カルメン農園のロゴ、「CARMEN ESTATE COFFEE」Specialty Coffee Association of Panamaより

パナマ カルメン農園(Carmen Estate)はチリキ県(Chiriqui)ボルカン地区(Volcán)パソ・アンチョ渓谷(Paso Ancho Valley)に位置しています。パソ・アンチョ渓谷はバル(Baru)火山の西側の斜面にあります。

バル火山はボケテ(Boquete)とボルカン・カンデラ(Volcan-Candela)の間にある非活火山で、海抜3,500mの。バル火山はパナマの最高峰です。バル火山は、標高、高密度の植生、火山性の土壌、多様なマイクロクライメット(Microclimate、微気候)のため、パナマの最も重要なコーヒー栽培地域と考えられており、非常に豊かで深く肥沃な土壌をパソ・アンチョ渓谷に与えています。乾燥した晴れた日と涼しく霜のない夜は、理想的なコーヒー栽培条件を作り出します。

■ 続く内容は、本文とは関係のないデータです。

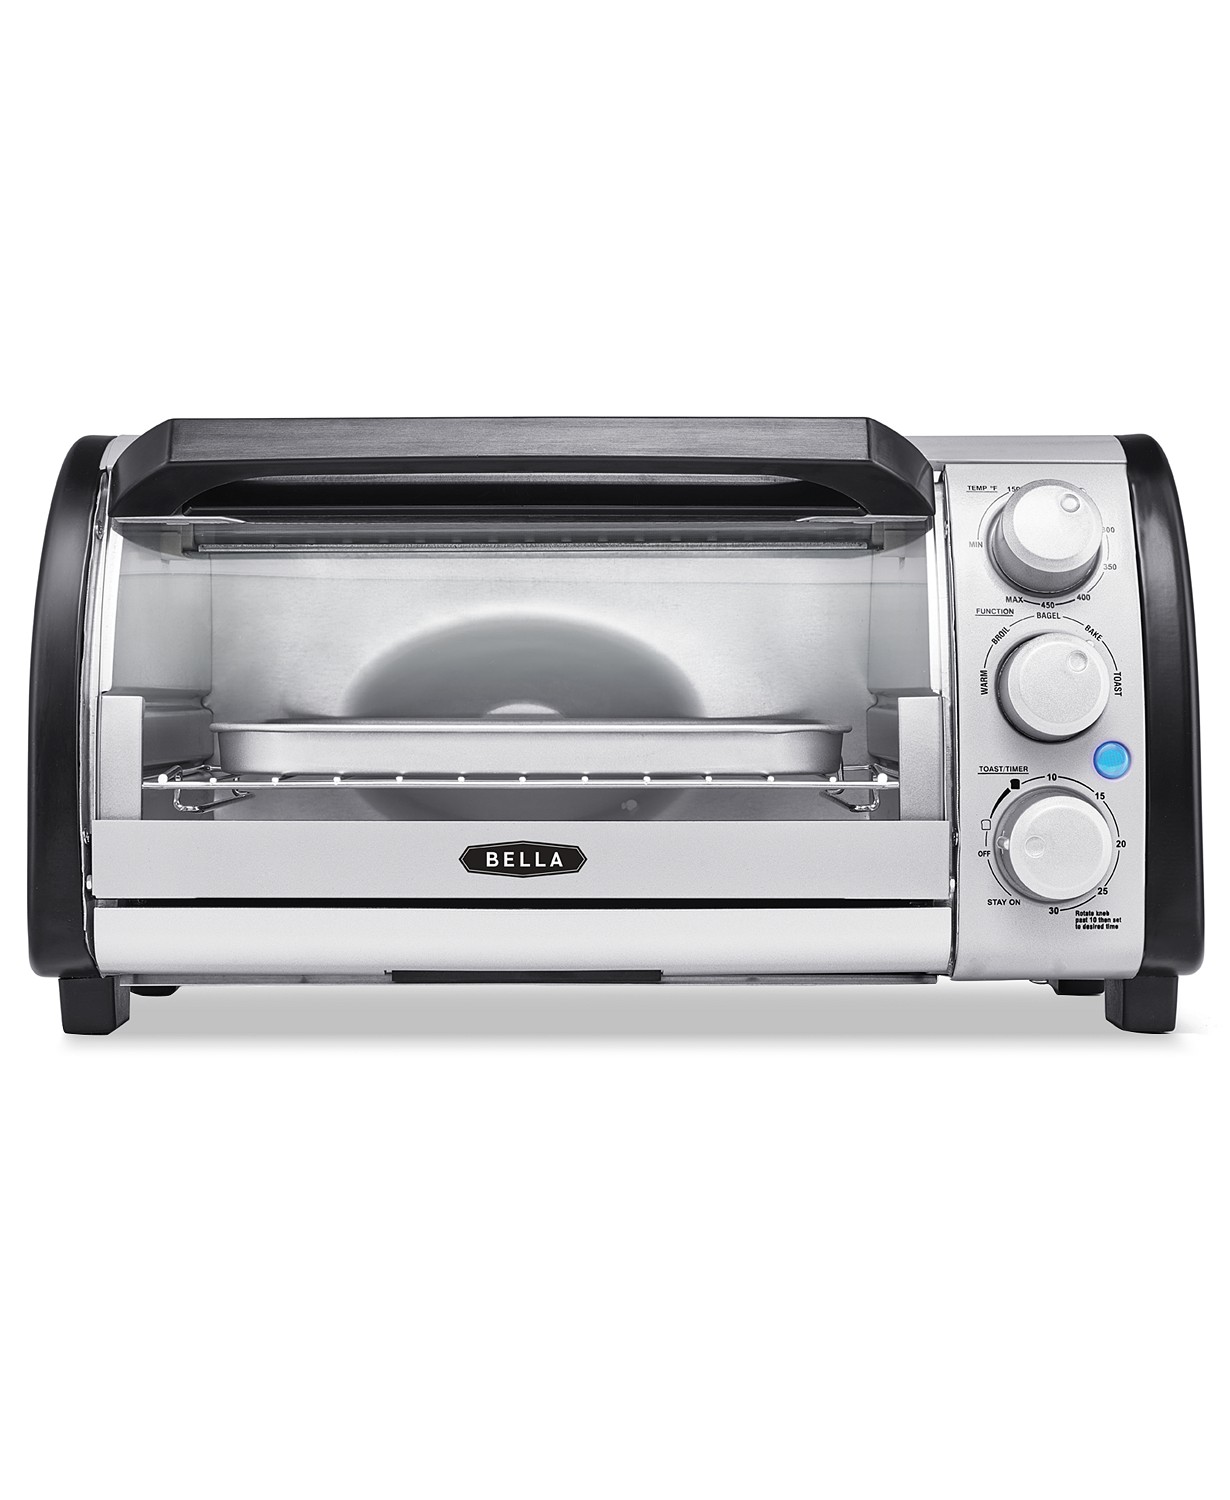 Macy S Bella Toaster Oven Mail In Rebate

パナマ カルメン農園、Carmen Estate Coffee Facebookより

パナマ カルメン農園は1950年に開業した歴史のある名門農園です。

現在の農園主カルロス・アギレラ・フランセスチ氏(Carlos Ahuilera Franceschi)の祖父で、当時弁護士だったエフレイン・フランセスチ氏(Efran Franceschi)と祖母のカルメン女史(Carmen Franceschi)によって始められました。フランセスチ家(Franceschi)は1800年に地中海のフランス領コルシカ島からパナマにやってきました。パナマに到着すると、彼らは数ヵ所の牧場、農業、船舶建造を始めました。

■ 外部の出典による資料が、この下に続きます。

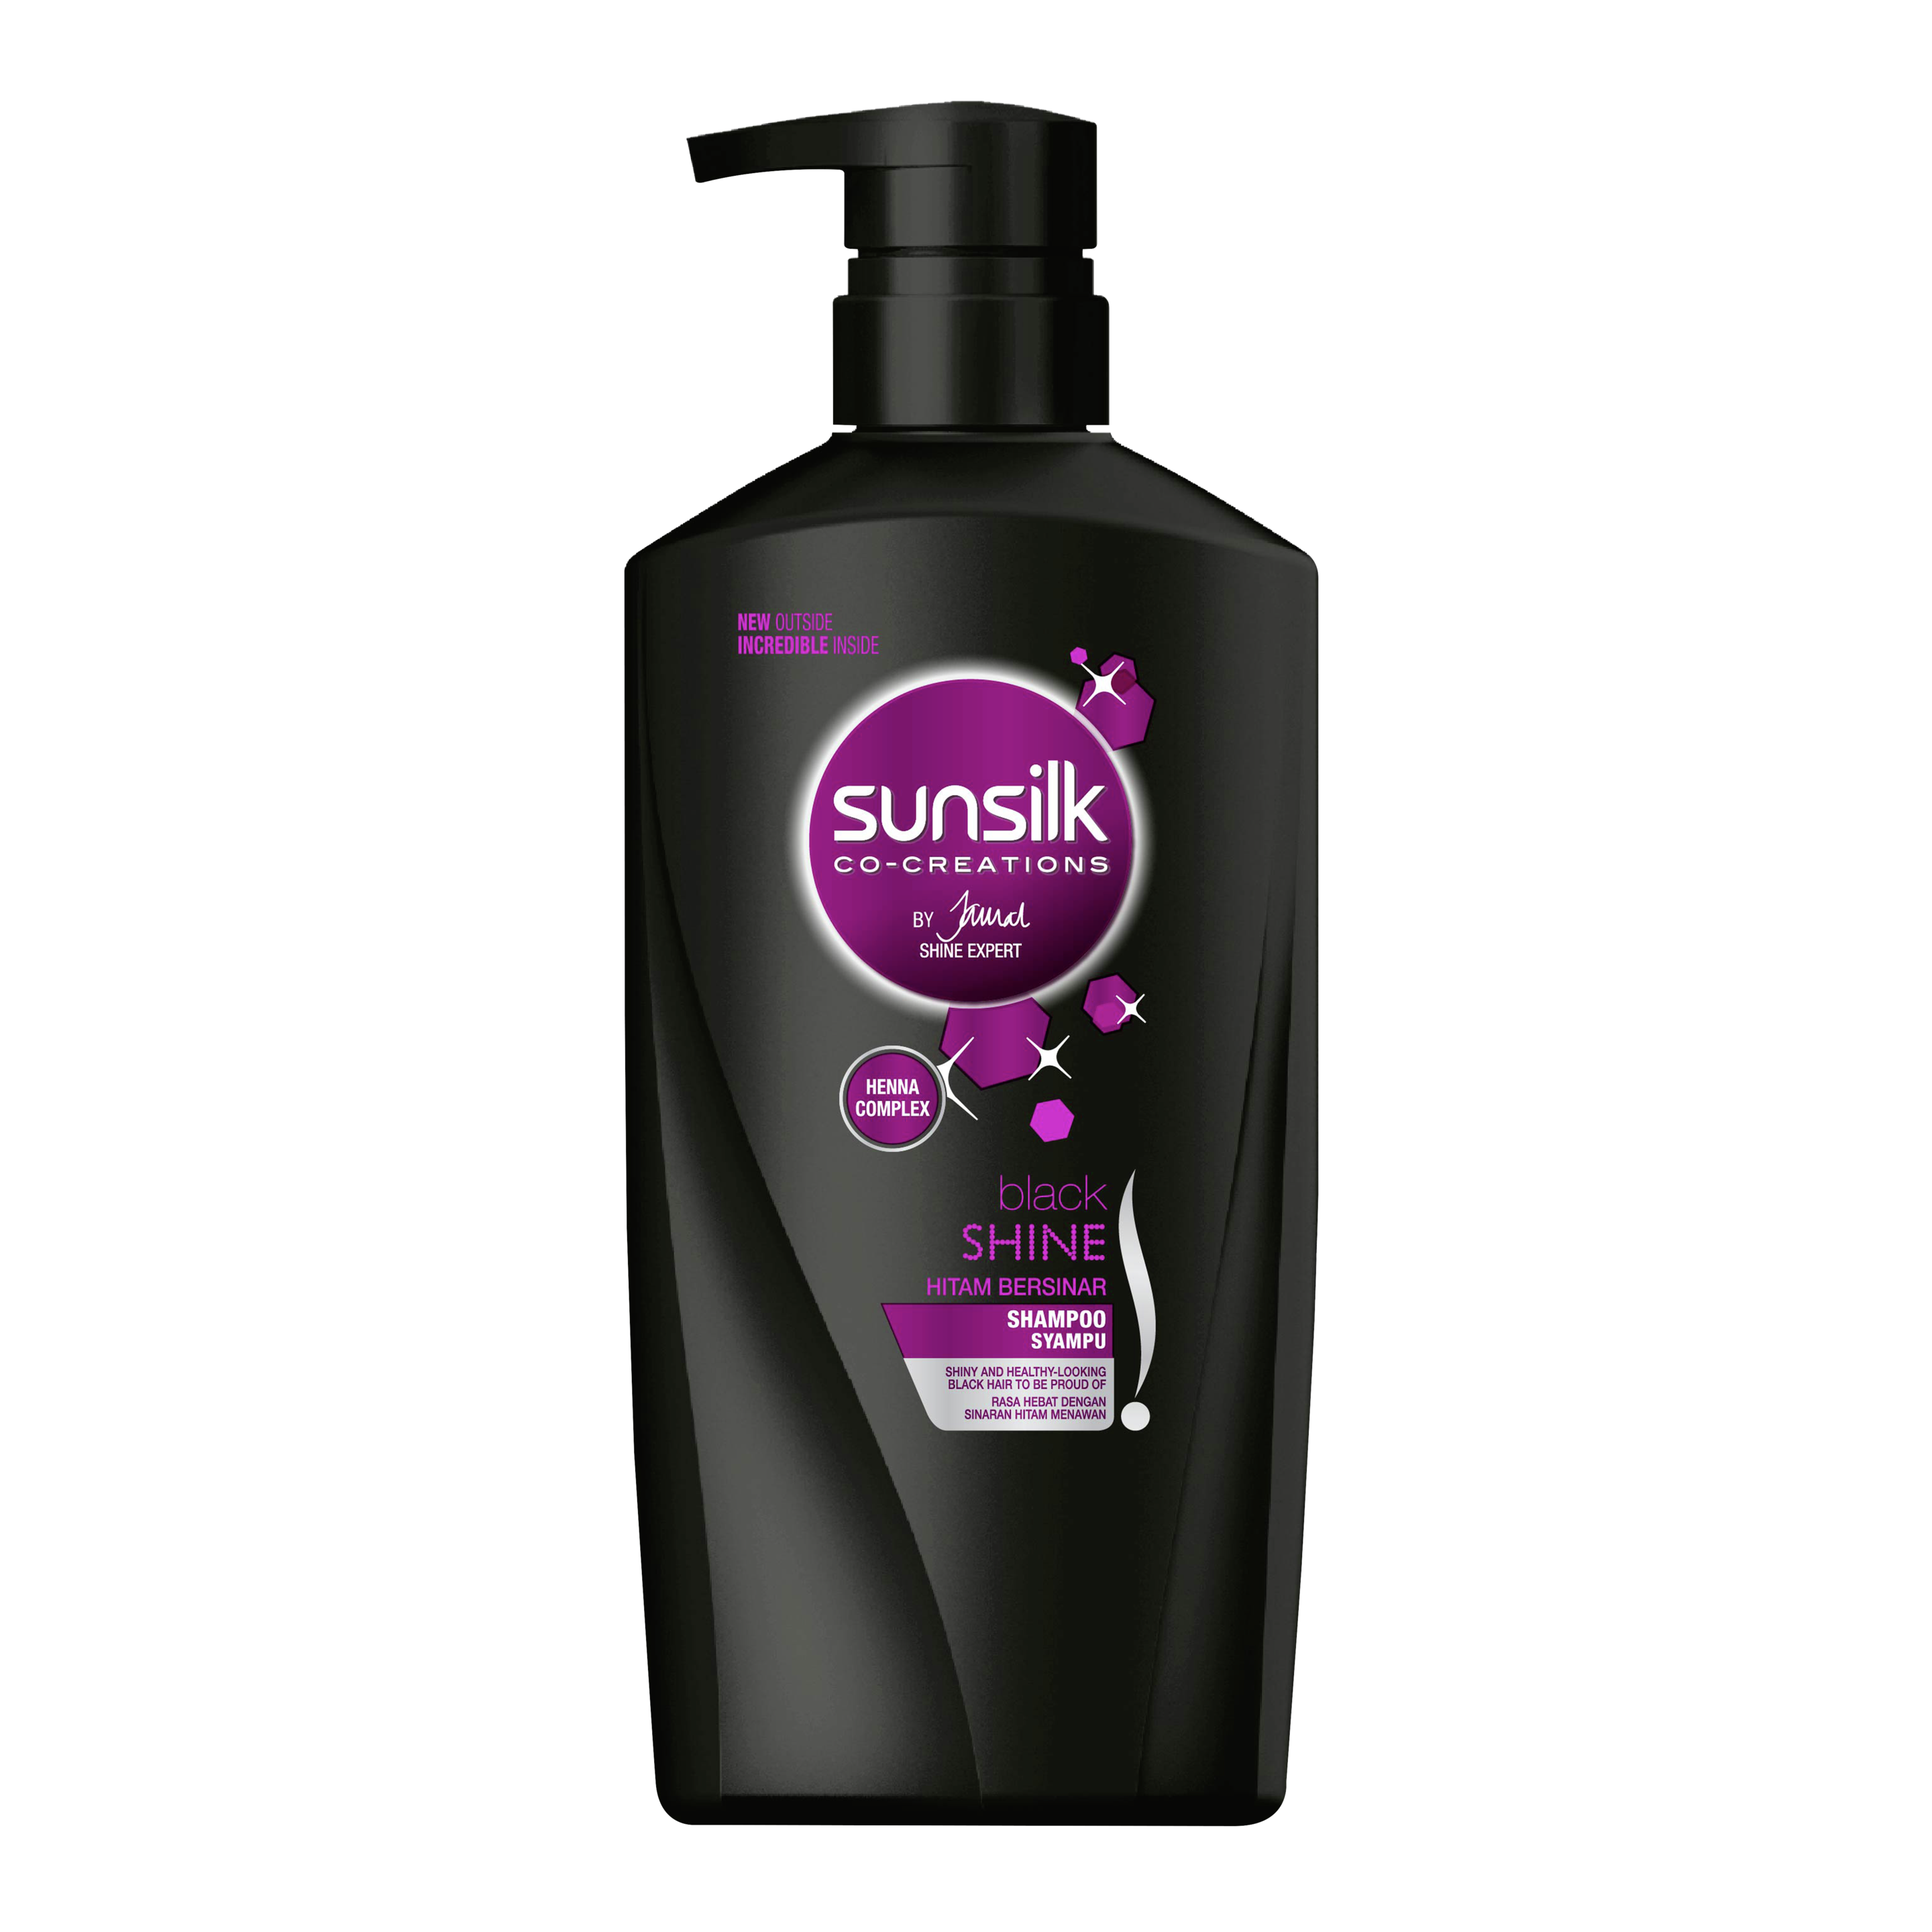 Sunsilk Black Shine Shampoo 650ml front of pack image

1950年、カルメンは夫のエフレイン氏に小規模なコーヒープランテーションを始めるように提案しました。それが、コーヒー業界におけるフランセスチ家の関わりの始まりでした。その農園はカルメン夫人の名前をとって「カルメン農園(Carmen Estate)」と命名されました。

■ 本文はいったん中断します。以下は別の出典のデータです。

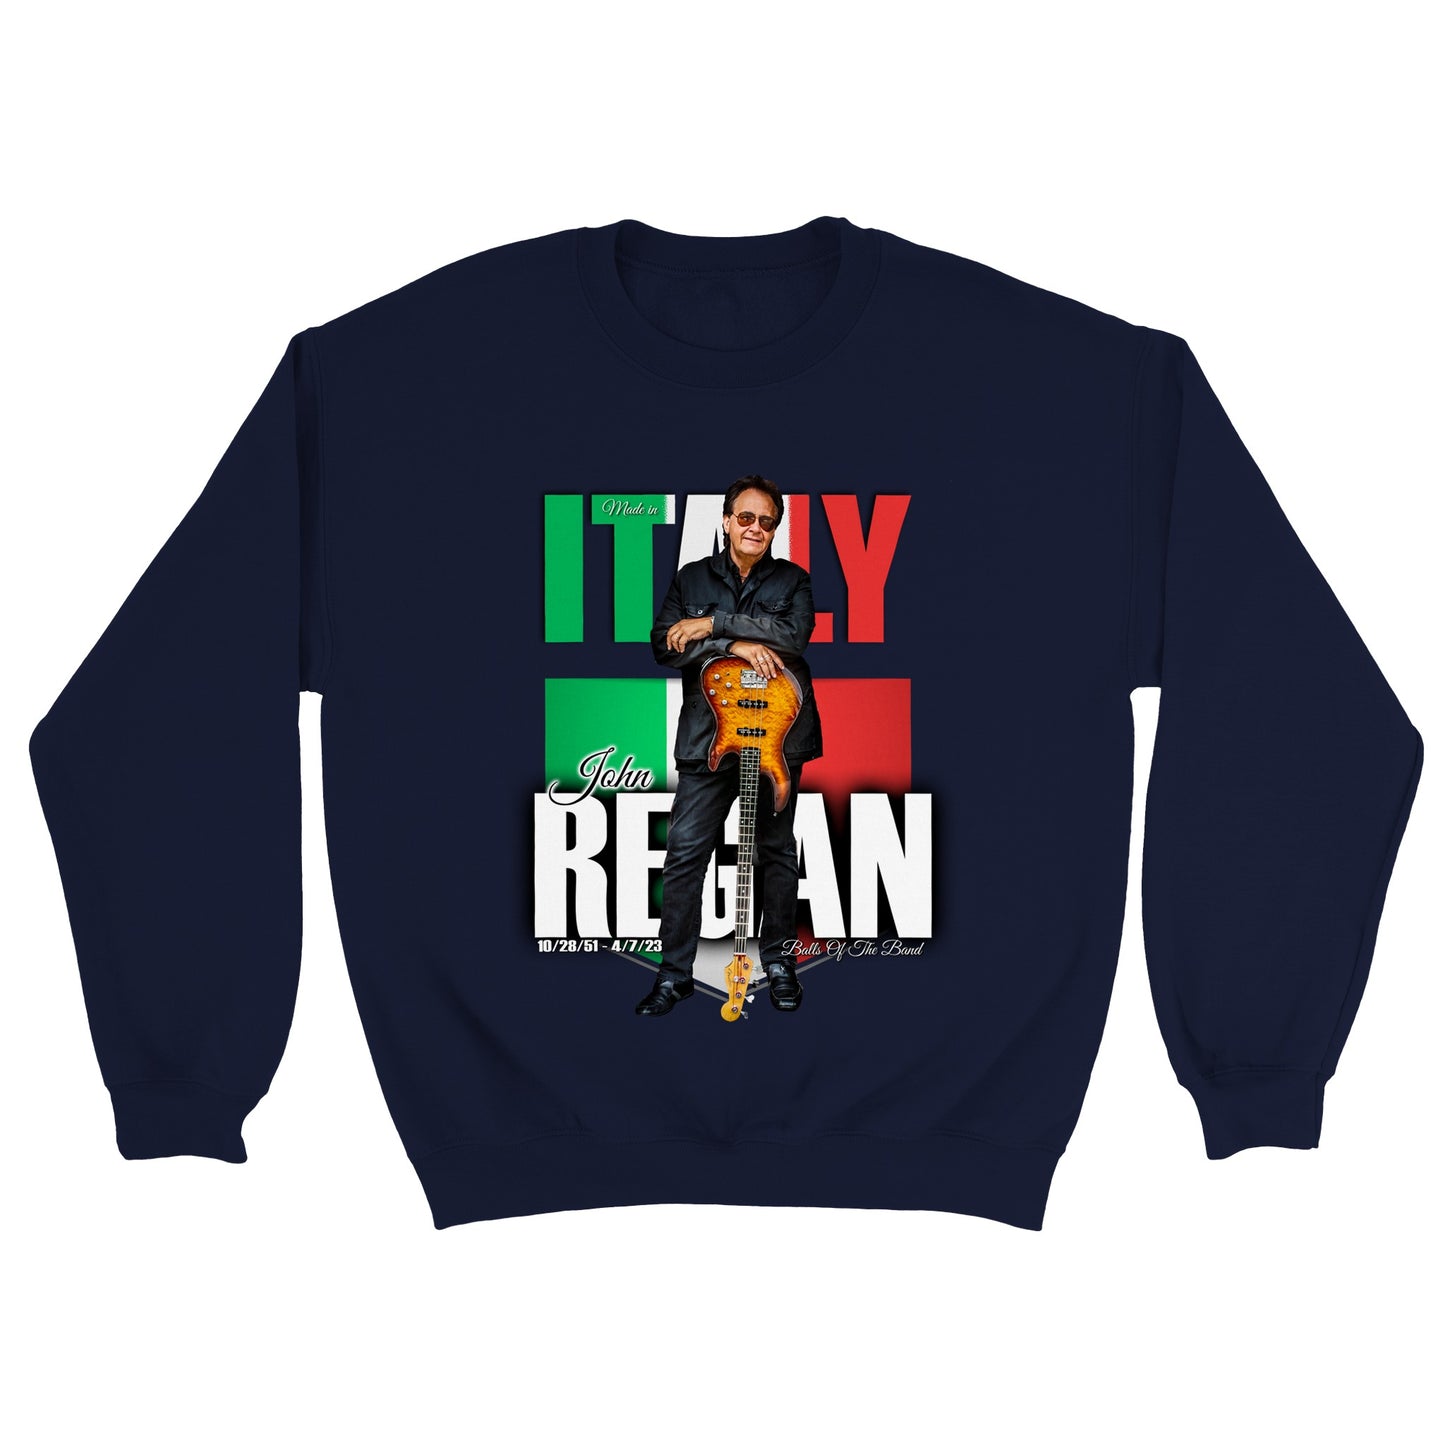 Made In Italy John Regan Classic Unisex Crewneck Sweatshirt

カルロス・アギレラ・フランセスチ氏、「CARMEN ESTATE COFFEE」Specialty Coffee Association of Panamaより

現在、農園は家族の第三世代が運営しており、現在の農園主はカルロス・アギレラ・フランセスチ氏です。ベスト・オブ・パナマ(Best of Panama)、レインフォレスト・アライアンス・カッピング・フォー・クオリティ(Rainforest Alliance Cupping for Quality)など数々の受賞歴のある農園です。

カルメン農園のコーヒーは年間降雨量2,000mm、標高1,700-2,000mの高い標高で、厳しい農業および環境基準を守って栽培されています。 渓谷を流れる風、昼夜で寒暖差のある気象条件、肥沃な火山性土壌が見事に絡み合って、独自の複雑な味のあるコーヒーを作りだしています。

カルメン農園とホセ・川島良彰氏

カルメン農園の川島良彰氏、Carmen Estate Coffee Facebookより

ミカフェートのNATURE CAFÉ パナマ カルメン農園 ナチュラル 2017年は、標高1,800mのカルメン農園の中でも特に環境に恵まれた一級畑「エレデーロ デ ファミリア」で栽培されたカトゥーラ種です。

「コーヒー・ハンター」として世界中を飛び回るホセ(José. )川島 良彰氏は、世界中に「コーヒー・アミーゴ(コーヒ友達)」がいます。農園主のカルロス・アギレラ氏もその一人です。

川島氏はカルロス氏と2003年にアメリカで行われたコーヒーの会議で知り合い、初めて農園を訪れたのは2006年12月のことです。その時に家族用にコーヒーが栽培されている特別な畑「エレデーロ デ ファミリア」を知ります。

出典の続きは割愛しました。